*Input*:
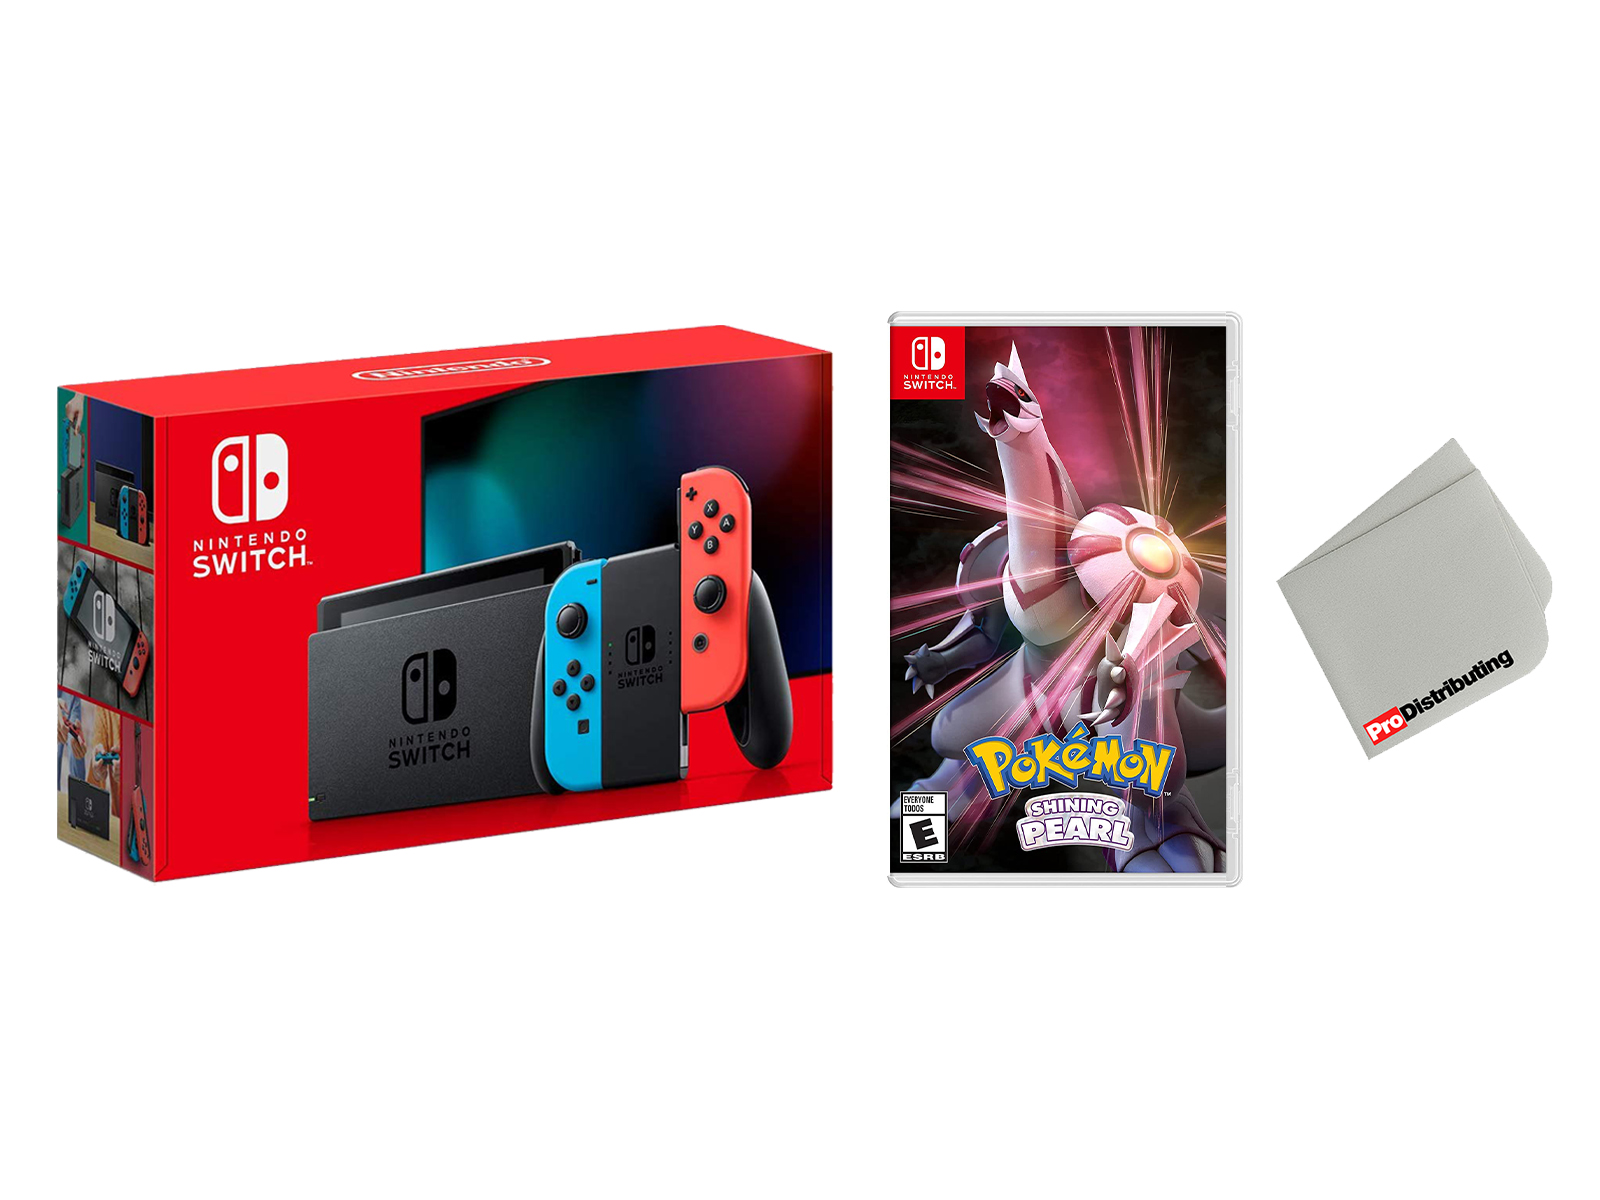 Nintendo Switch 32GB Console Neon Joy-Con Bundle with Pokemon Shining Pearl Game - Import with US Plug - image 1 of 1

* * *

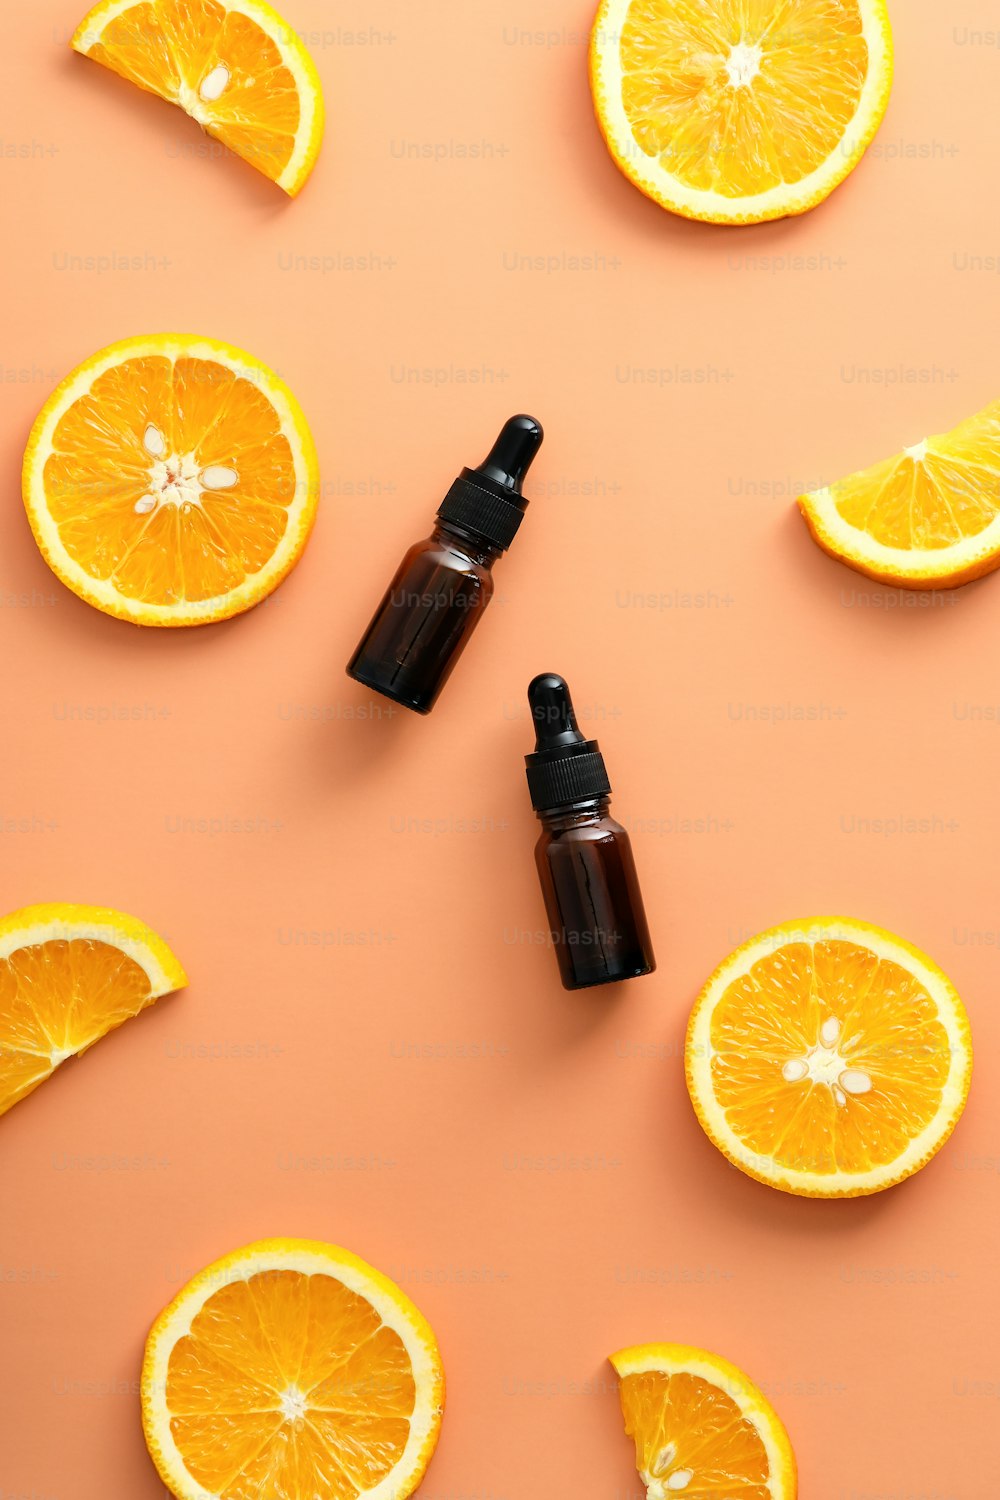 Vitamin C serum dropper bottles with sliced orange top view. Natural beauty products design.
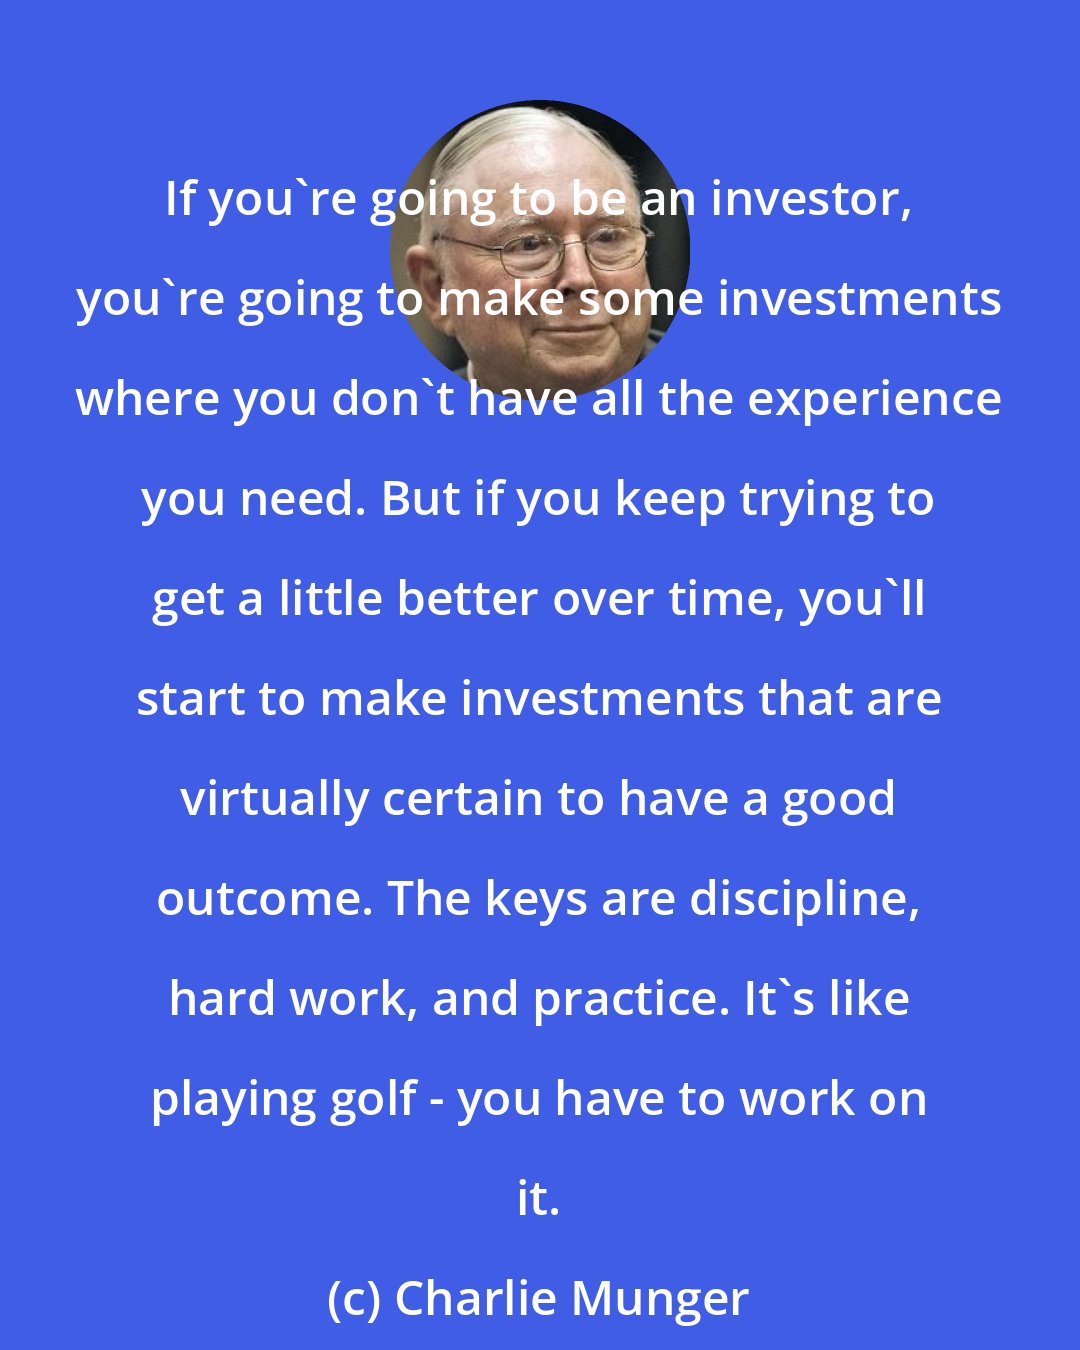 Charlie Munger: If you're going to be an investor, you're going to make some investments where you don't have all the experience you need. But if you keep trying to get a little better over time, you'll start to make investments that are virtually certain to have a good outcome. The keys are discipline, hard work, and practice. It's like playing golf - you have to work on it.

---

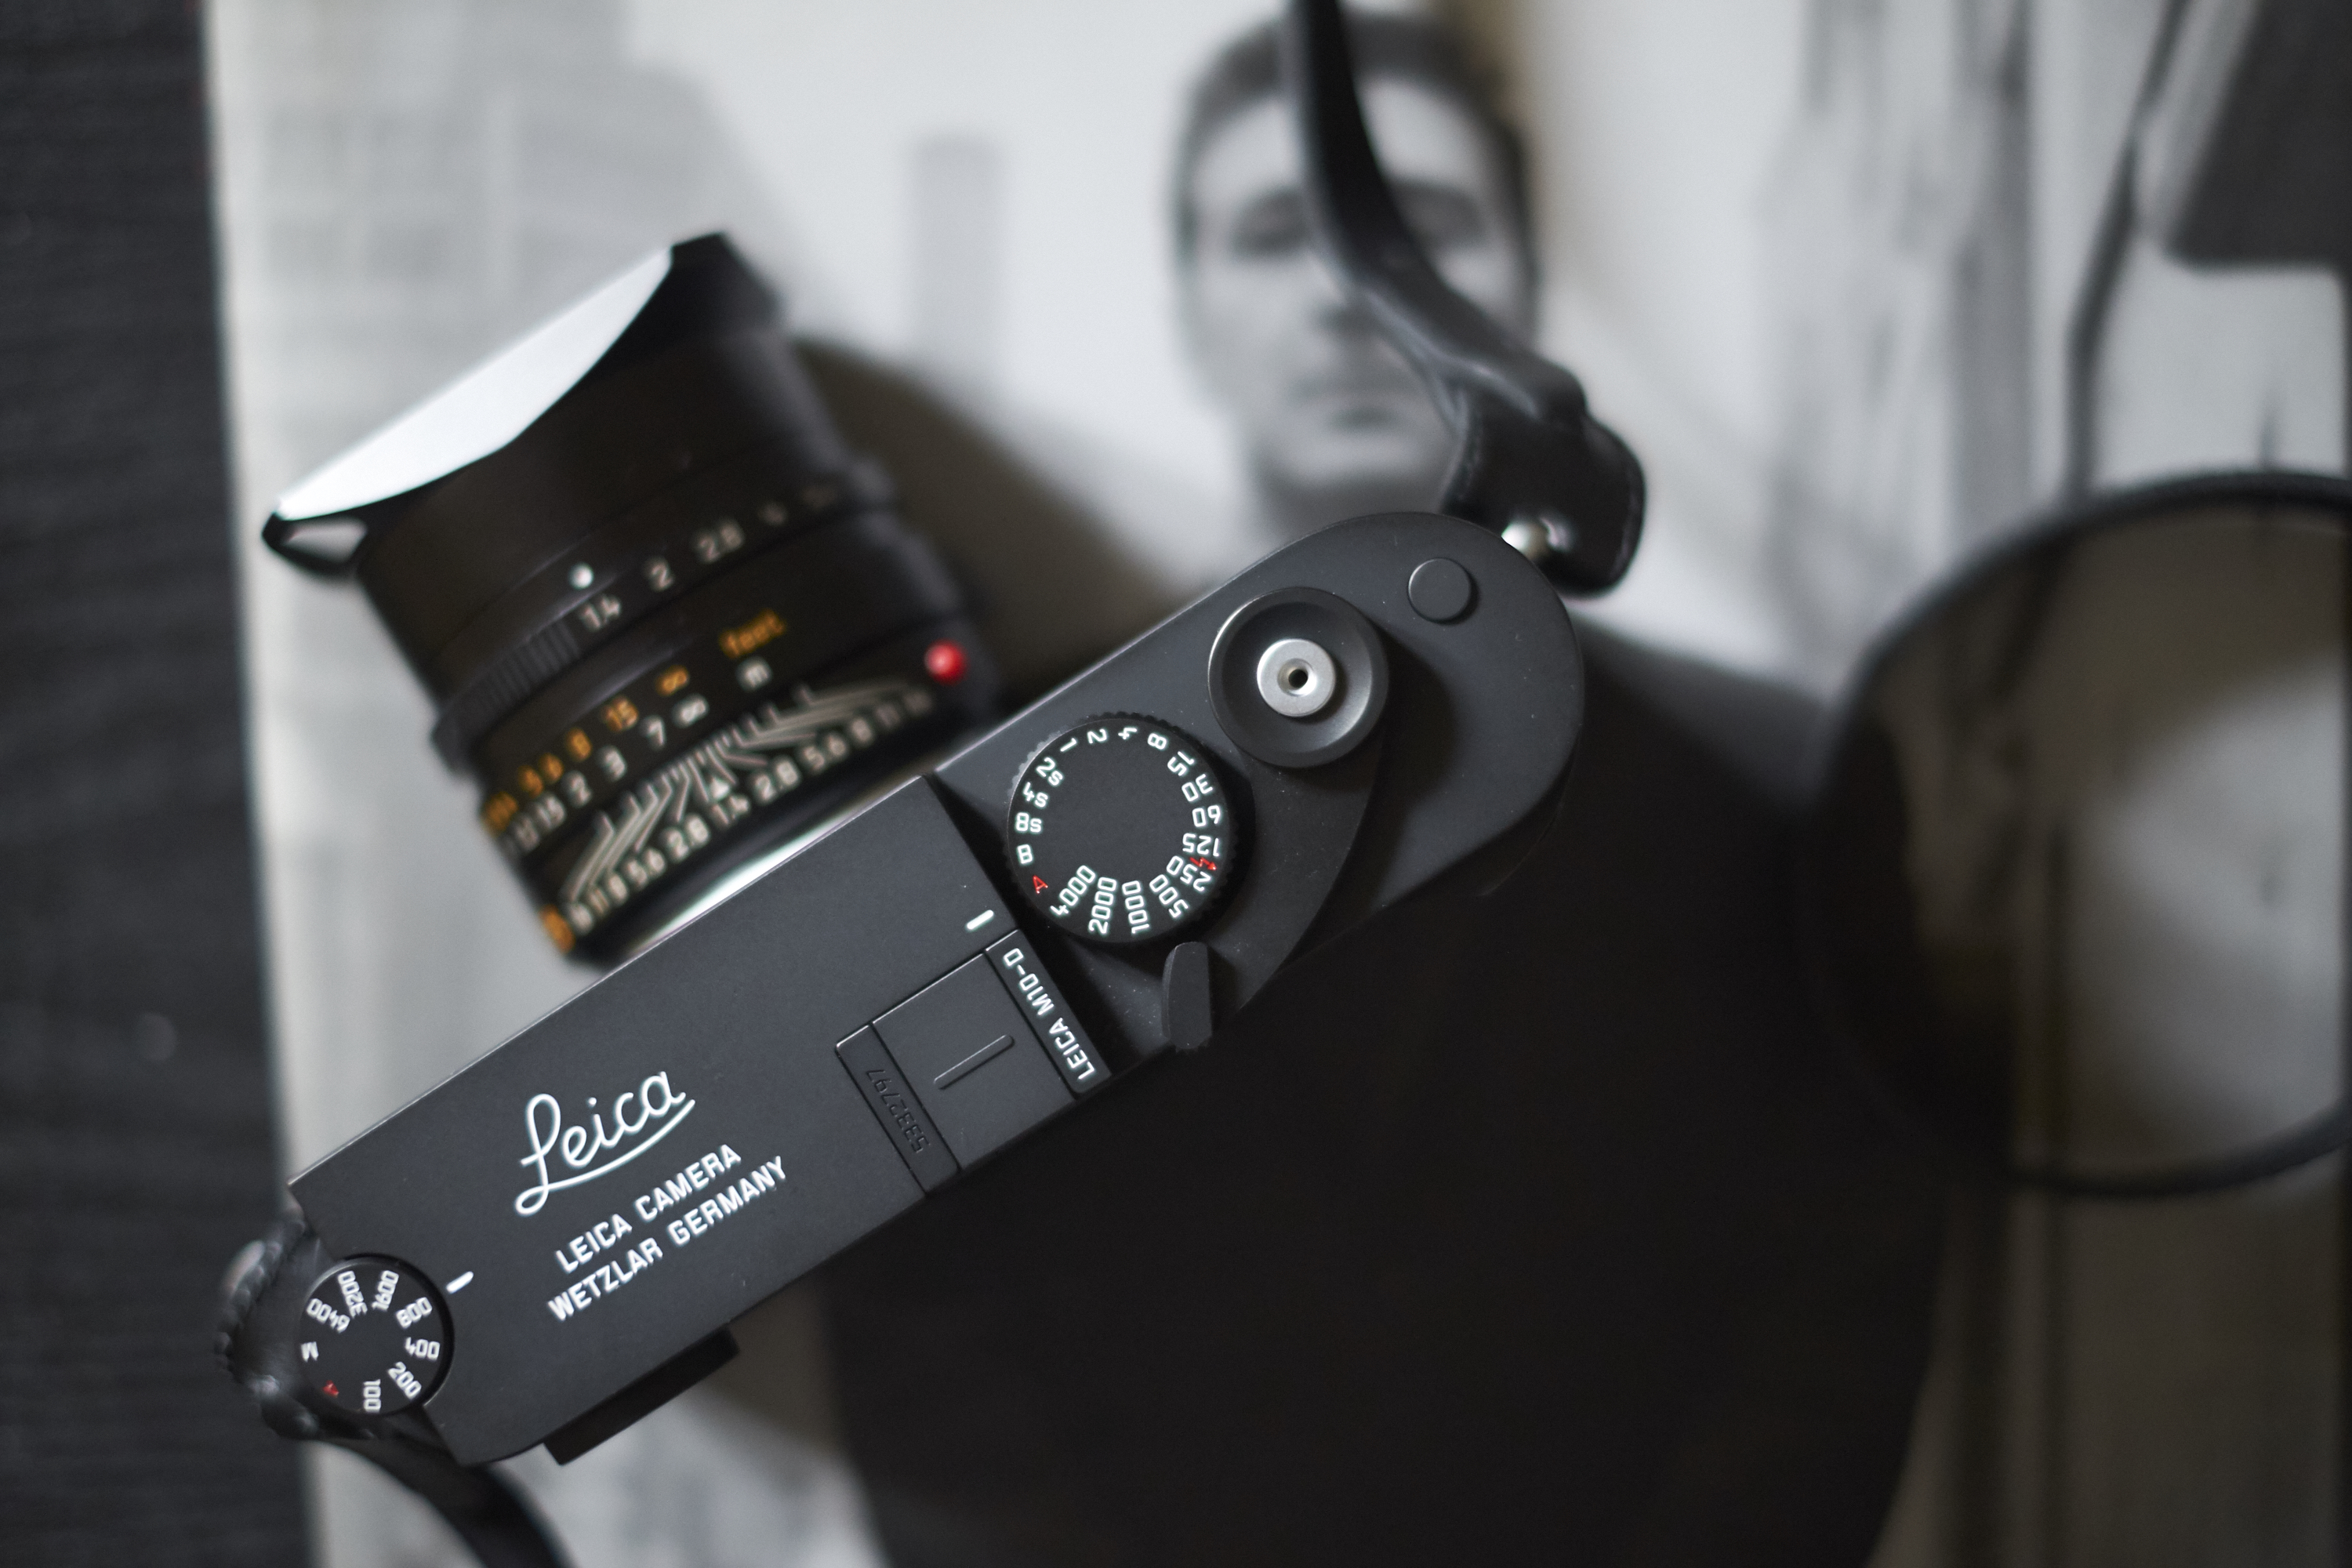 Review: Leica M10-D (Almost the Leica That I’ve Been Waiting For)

*Task requirements*: Find the line with "Vitamin C serum" and the line with "Charlie Munger: If" in the records above. Copy both and all lines between them exactly, without pictures.

*Response to the task*:
 Vitamin C serum dropper bottles with sliced orange top view. Natural beauty products design.
 Charlie Munger: If you're going to be an investor, you're going to make some investments where you don't have all the experience you need. But if you keep trying to get a little better over time, you'll start to make investments that are virtually certain to have a good outcome. The keys are discipline, hard work, and practice. It's like playing golf - you have to work on it.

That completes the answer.